Delegation allows users to transfer their credentials (or a subset of their credentials) to another service, which will operate on behalf of that user. This ensures that services can be granted the minimum privileges for their task and that every delegated credential is independent. The delegation process consists of several stages, see Figure 3.3. First the client that owns the certificate and the server which requires a delegated copy create a secure connection. The connection need not be encrypted, as no secrets are passed, but it must ensure integrity. The client then creates a new public and private key which are inserted into a certificate request and returned to the client. The client uses the proxies private key to sign the certificate request and the complete certificate is returned to the server, where it is stored with the new private key.
The previous sections discussed the features that are required from any Grid. The following section discusses some of the most common implementations of these features.
The Globus project was formed in the late 1990s from the experience and software that was gained from the I-WAY project in the United States. It is now one of the most well known providers of open-source Grid software. The Globus Toolkit (GT) has produced many of the fundamental standards and implementations that underly many of todays Grids. It is not intended to provide a complete implementation of a Grid, but rather to provide components which can be integrated as required.

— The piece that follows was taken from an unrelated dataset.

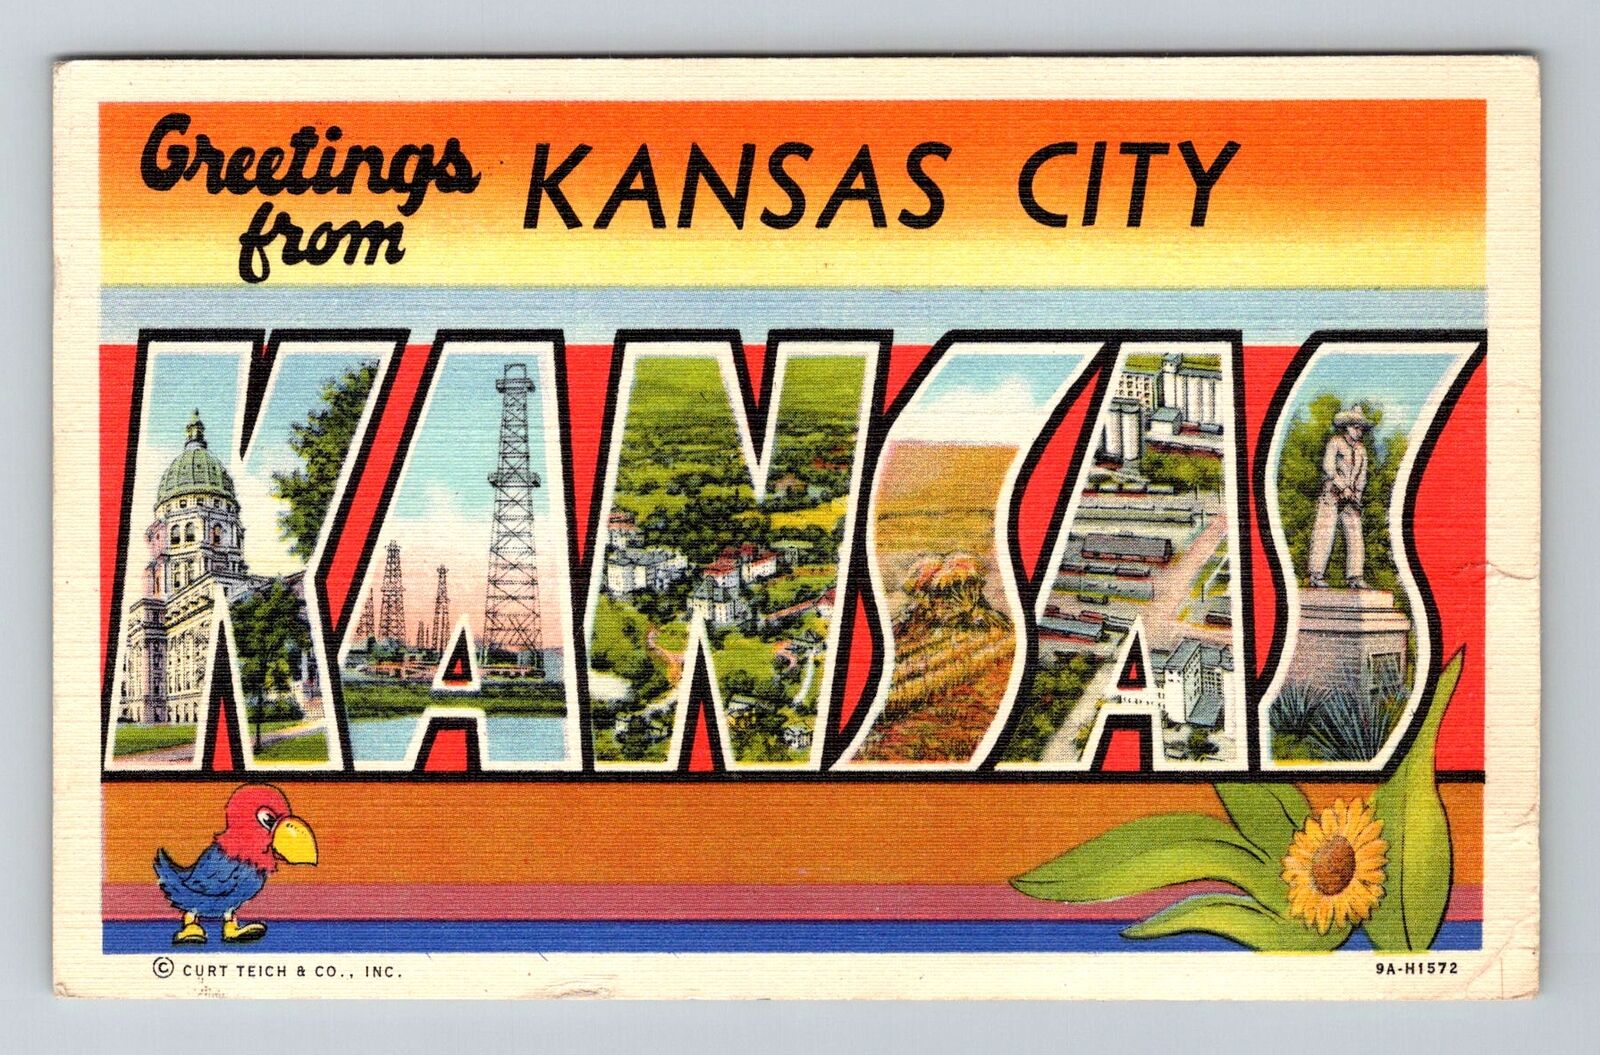 KS-Kansas, General LARGE LETTER Greetings, Vintage c1950 Postcard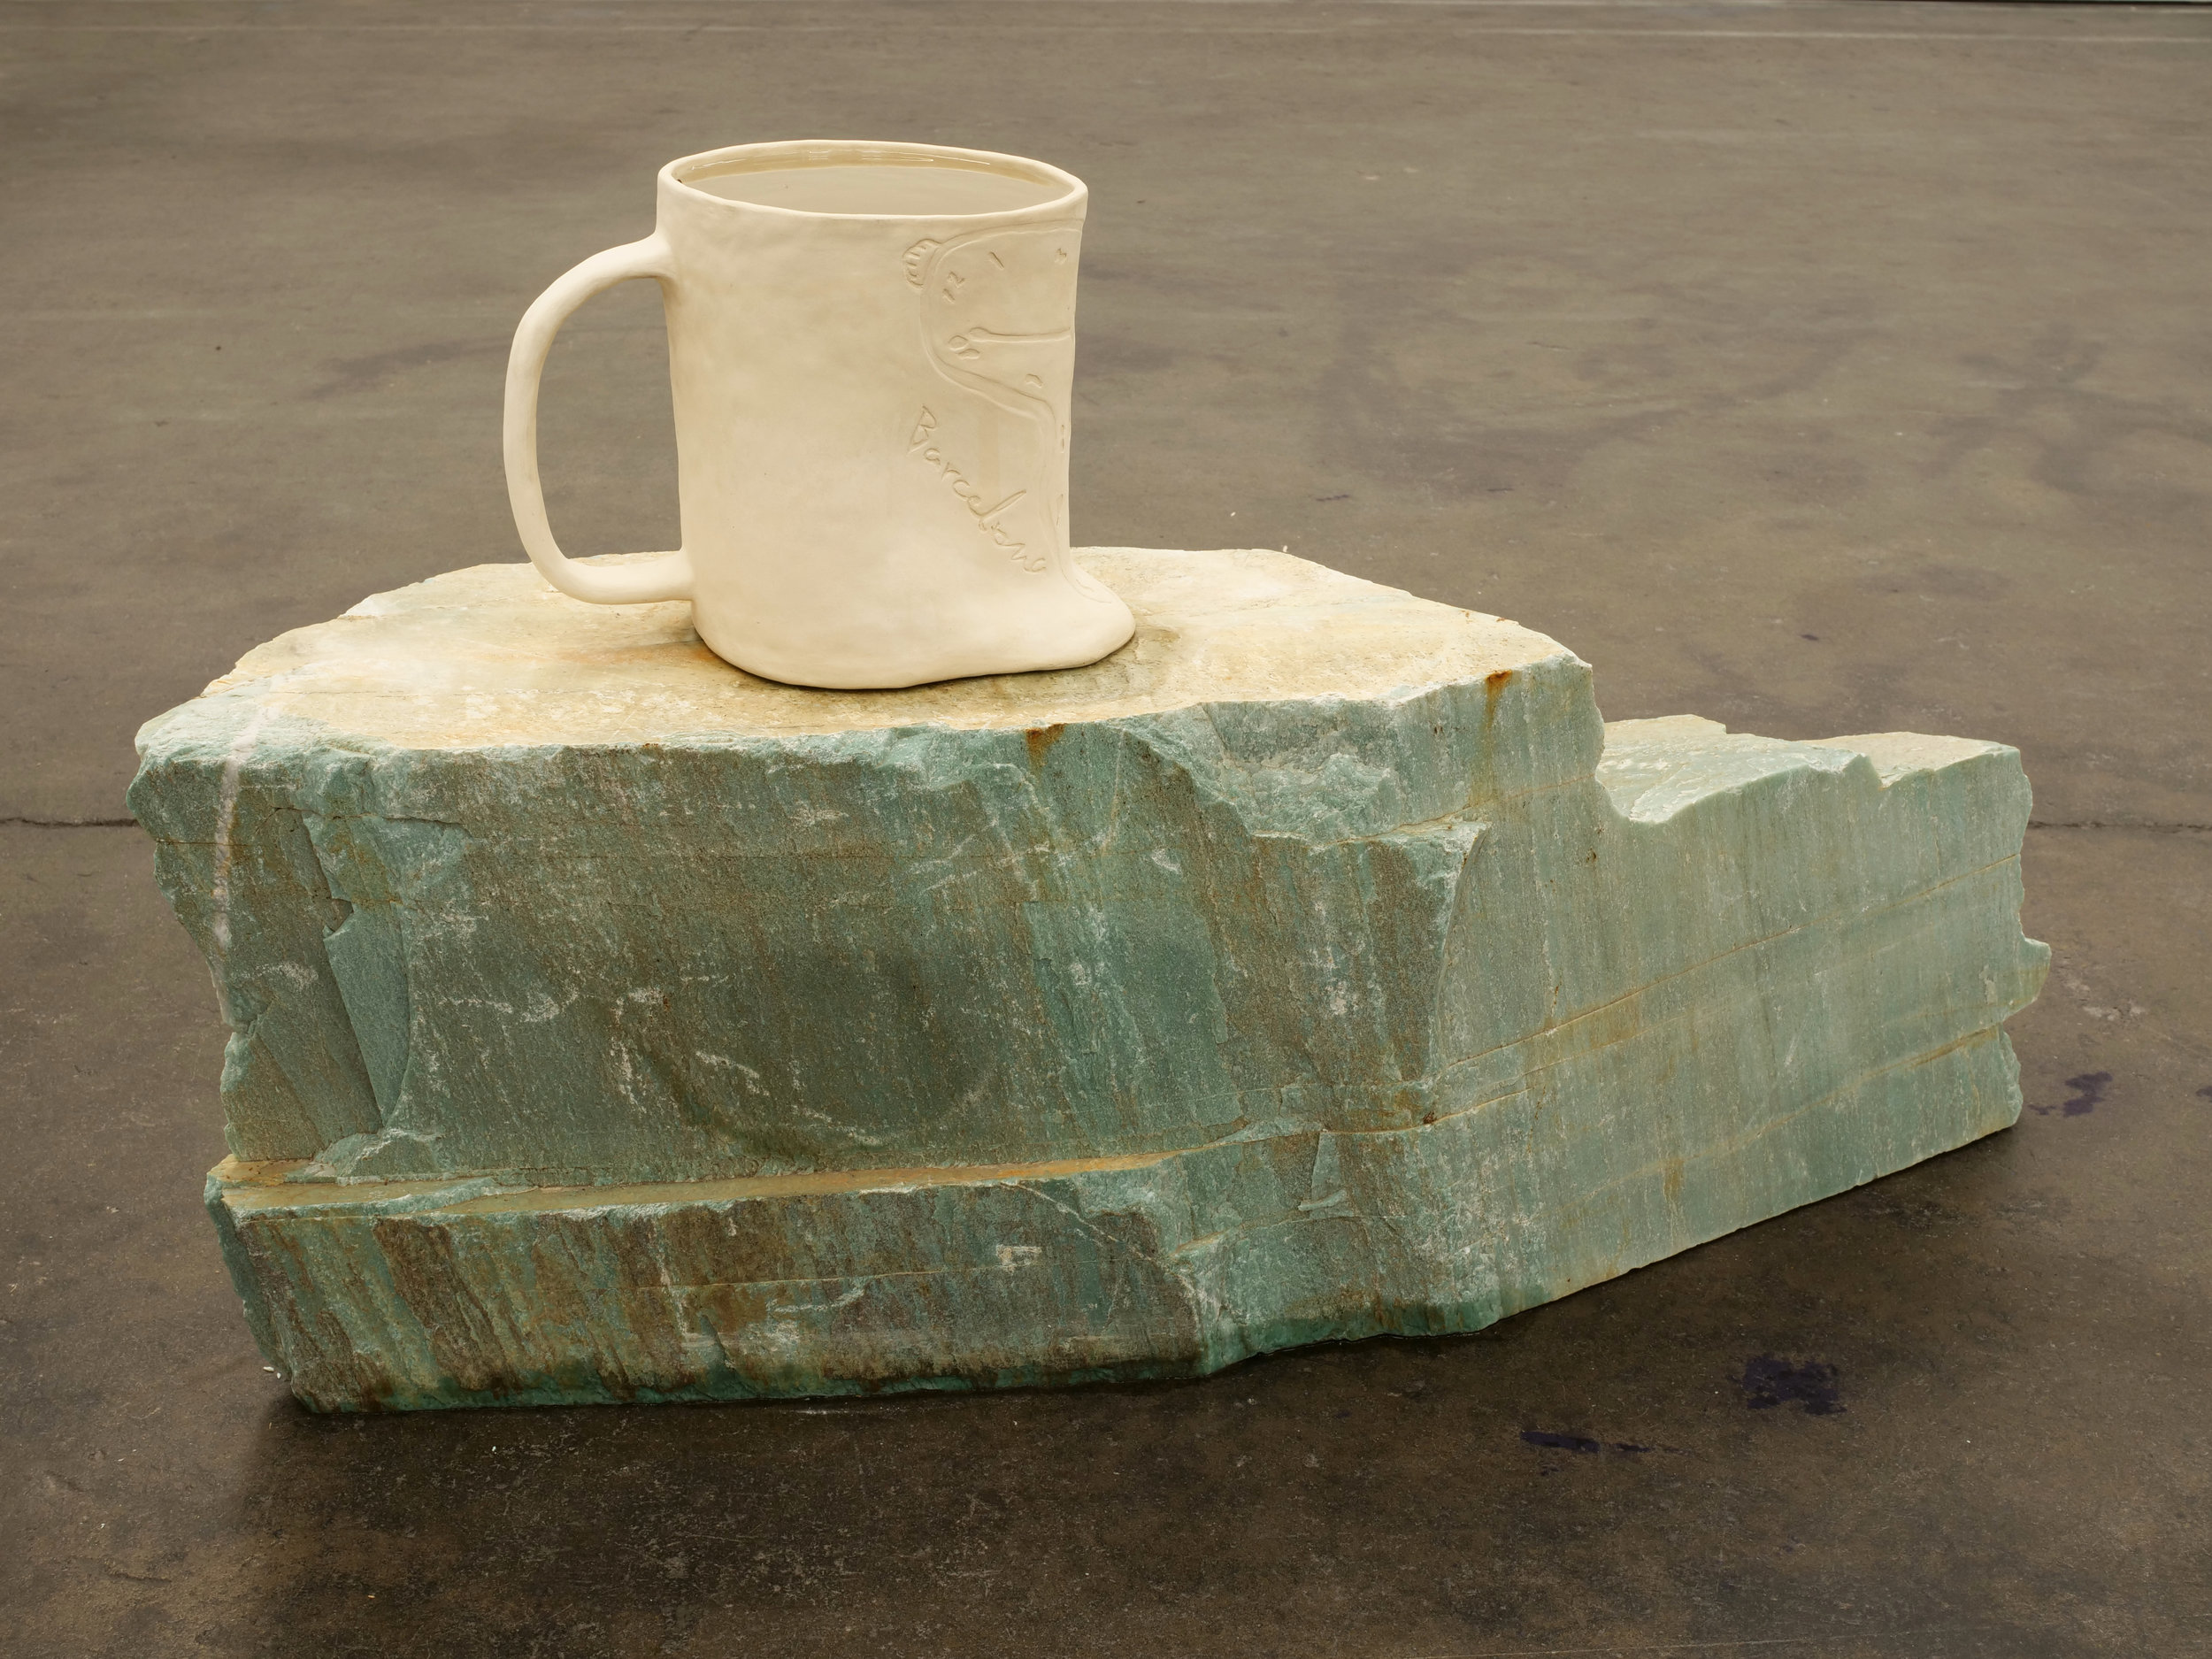  Will Rogan,  Filter (Barcelona) , 2018, Ceramic, sea water, stone, 26 1/2 x 48 x 13 1/2 in

Version 2 of the toolkit released in 2002 provides 'non-WS' C implementations of features such as GridFTP, which still form the basis of many Grids today. Version 3 was the first to introduce an OGSA-compliant Service Orientated Architecture, which was completed when GT4, the WSRF compliant version, was released in 2005. Service implementations are provided respecting the relevant standards where possible. Containers are provided for Java, Python and C which implement many of the standard requirements such as security, discovery and management within which other services can be developed.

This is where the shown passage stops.